The reply needs the lines from the one containing "Induced nuclear receptor" through the end of the material, each repeated exactly, and no pictures.

■ Provided material

=== Section Start ===

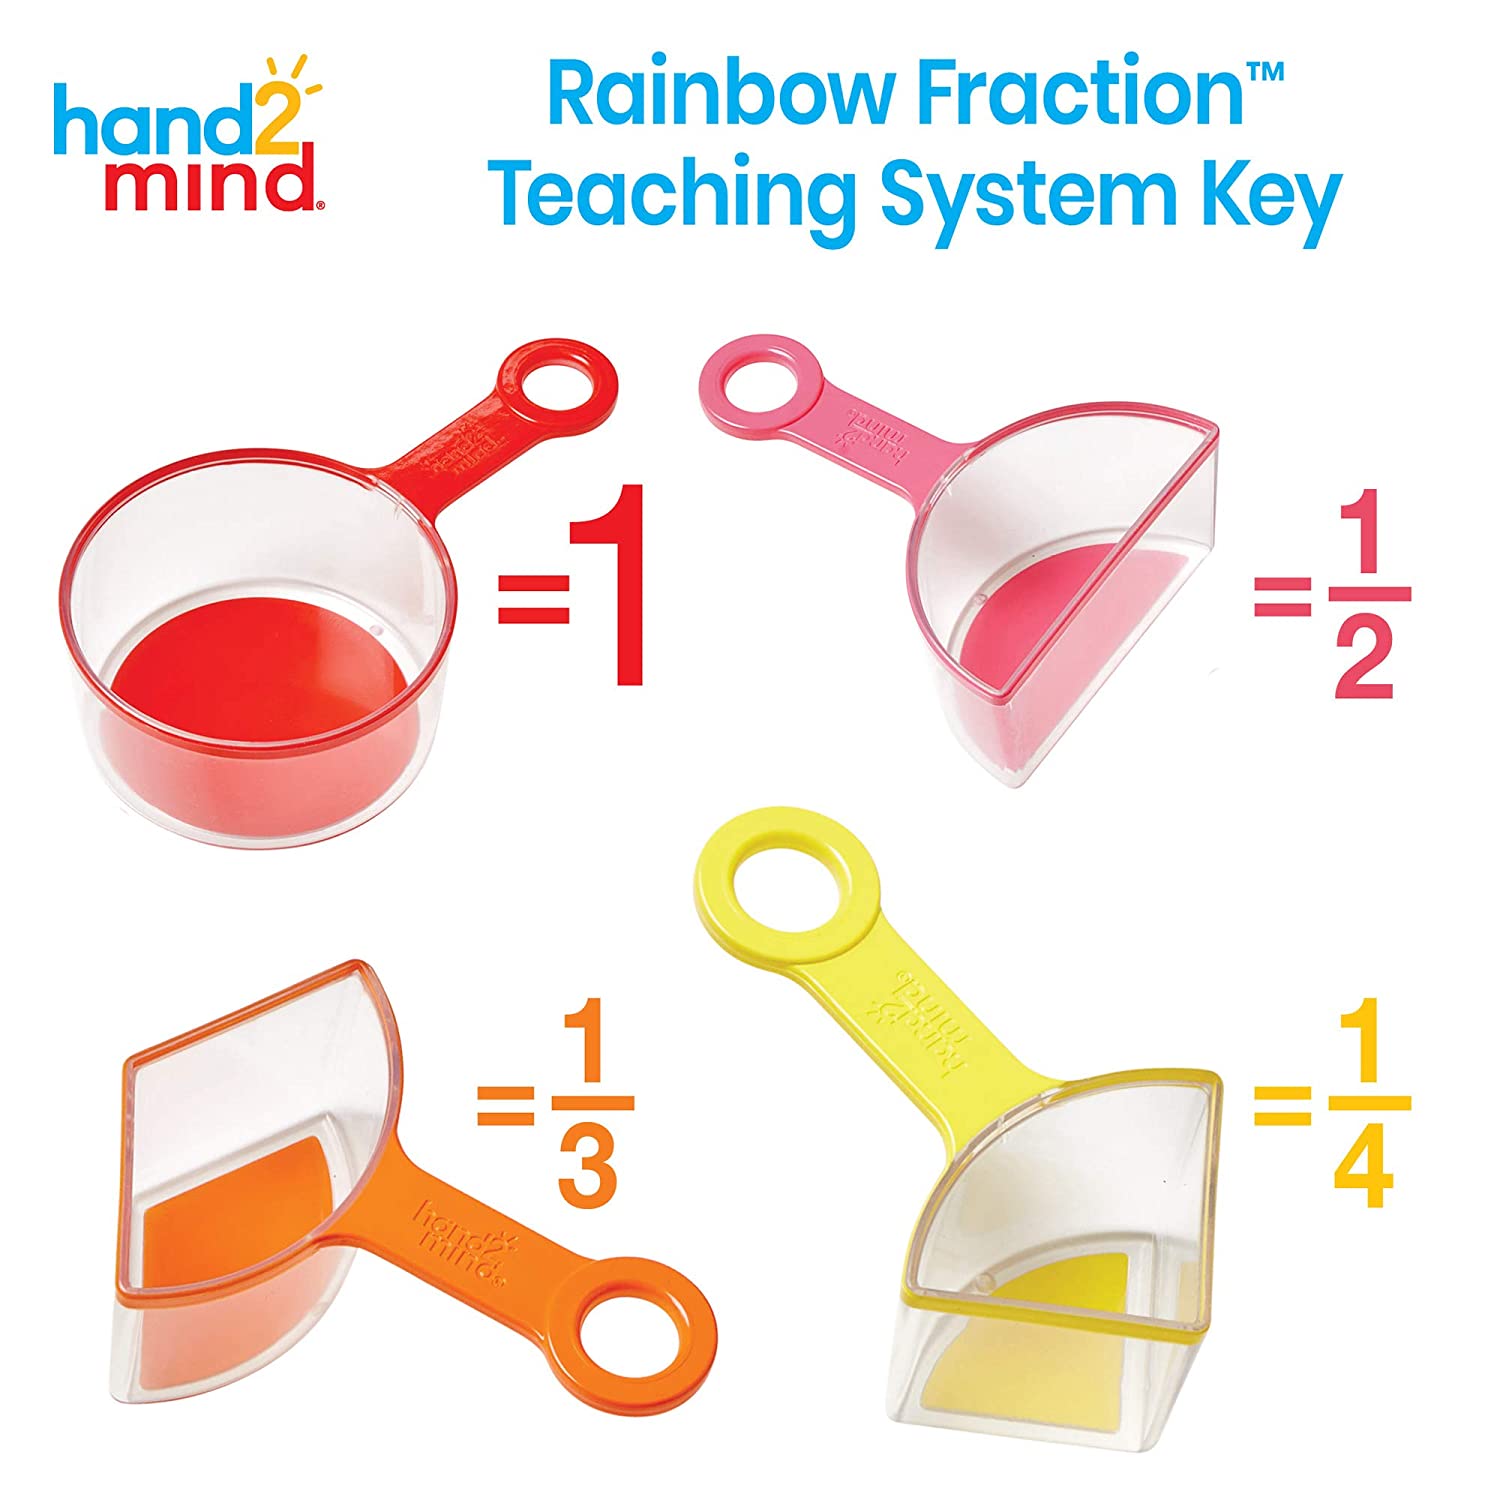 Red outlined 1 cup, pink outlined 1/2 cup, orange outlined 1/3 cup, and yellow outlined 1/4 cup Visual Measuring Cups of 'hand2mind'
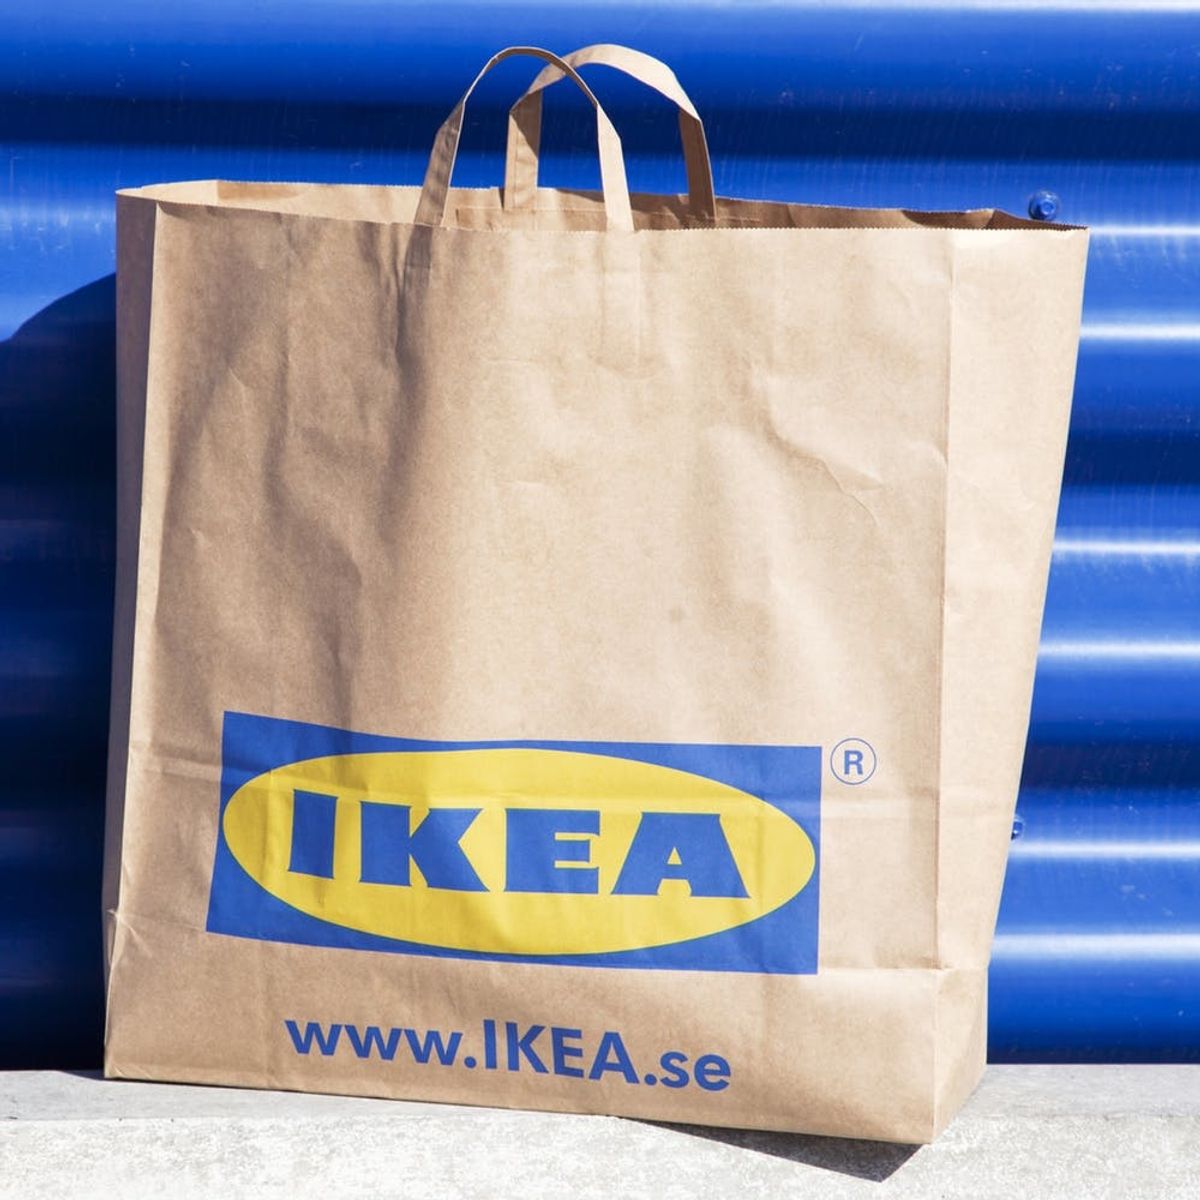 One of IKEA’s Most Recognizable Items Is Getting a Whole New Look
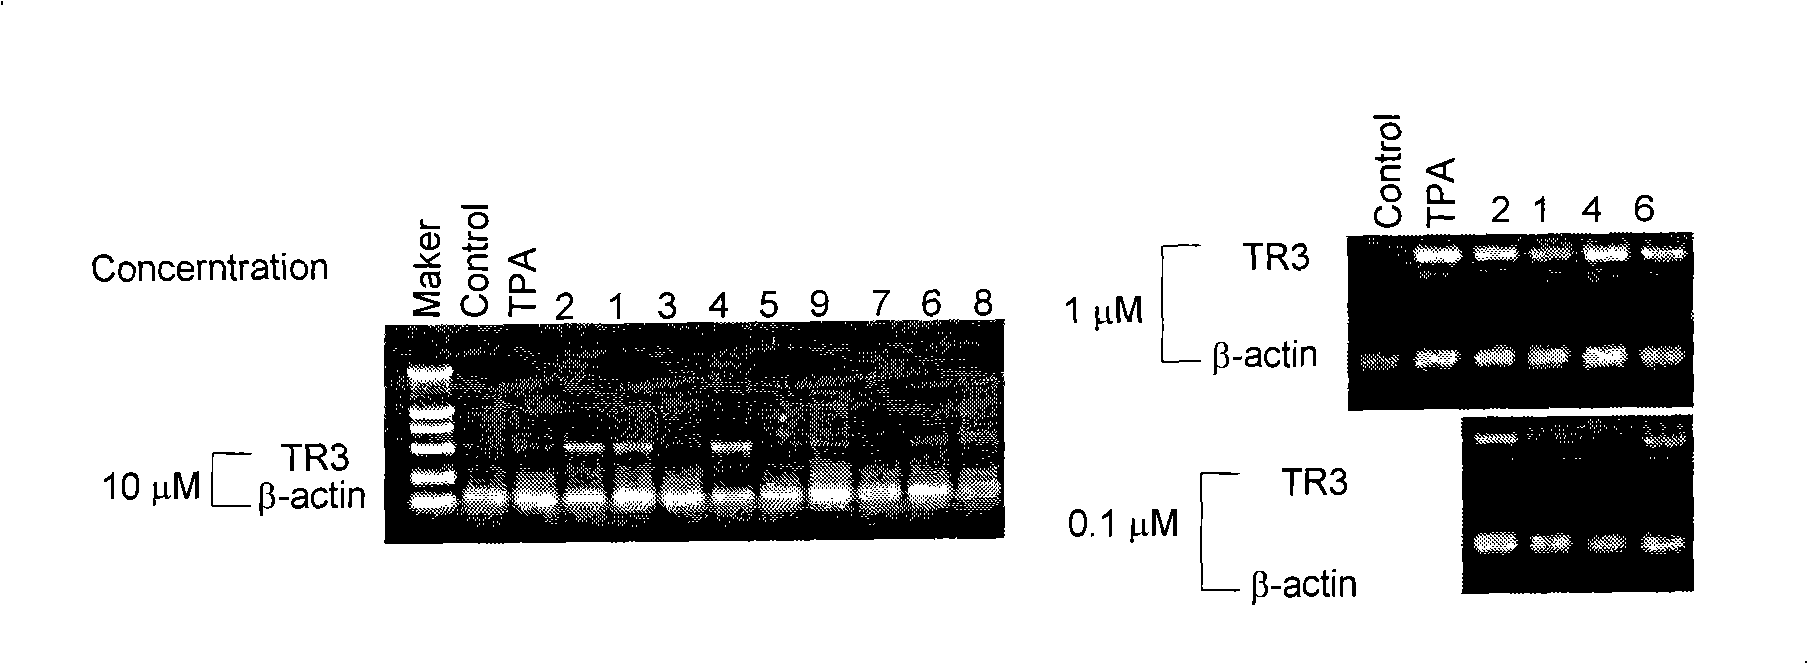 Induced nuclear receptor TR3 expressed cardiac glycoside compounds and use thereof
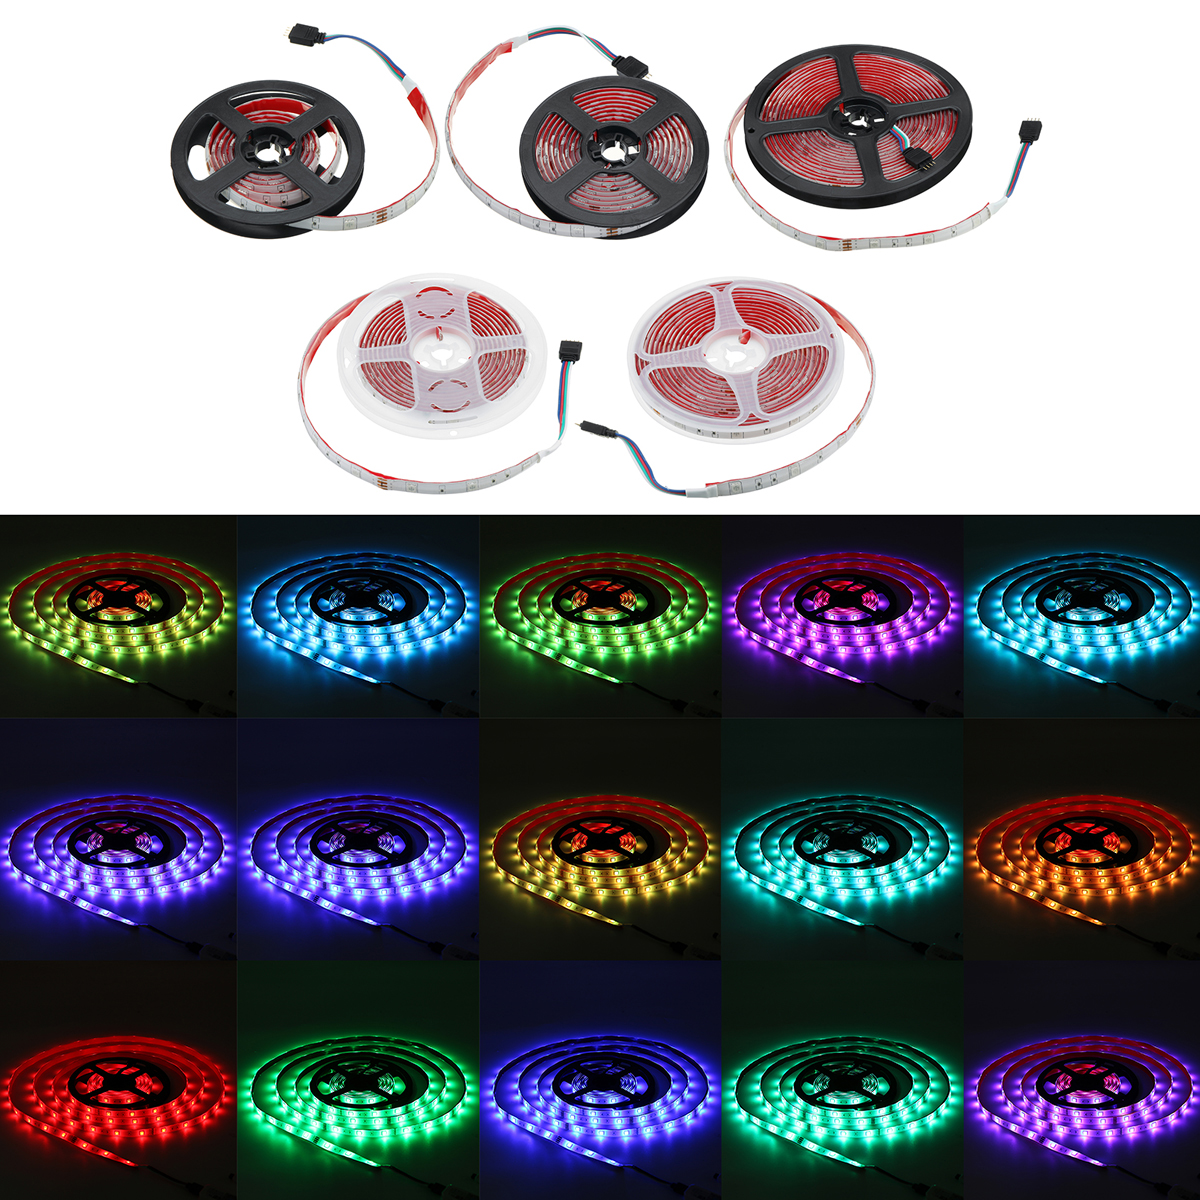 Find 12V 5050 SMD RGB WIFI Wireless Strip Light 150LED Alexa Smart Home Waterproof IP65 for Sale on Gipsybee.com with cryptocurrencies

=== Section End ===

■ Response below
 Induced nuclear receptor TR3 expressed cardiac glycoside compounds and use thereof
 Find 12V 5050 SMD RGB WIFI Wireless Strip Light 150LED Alexa Smart Home Waterproof IP65 for Sale on Gipsybee.com with cryptocurrencies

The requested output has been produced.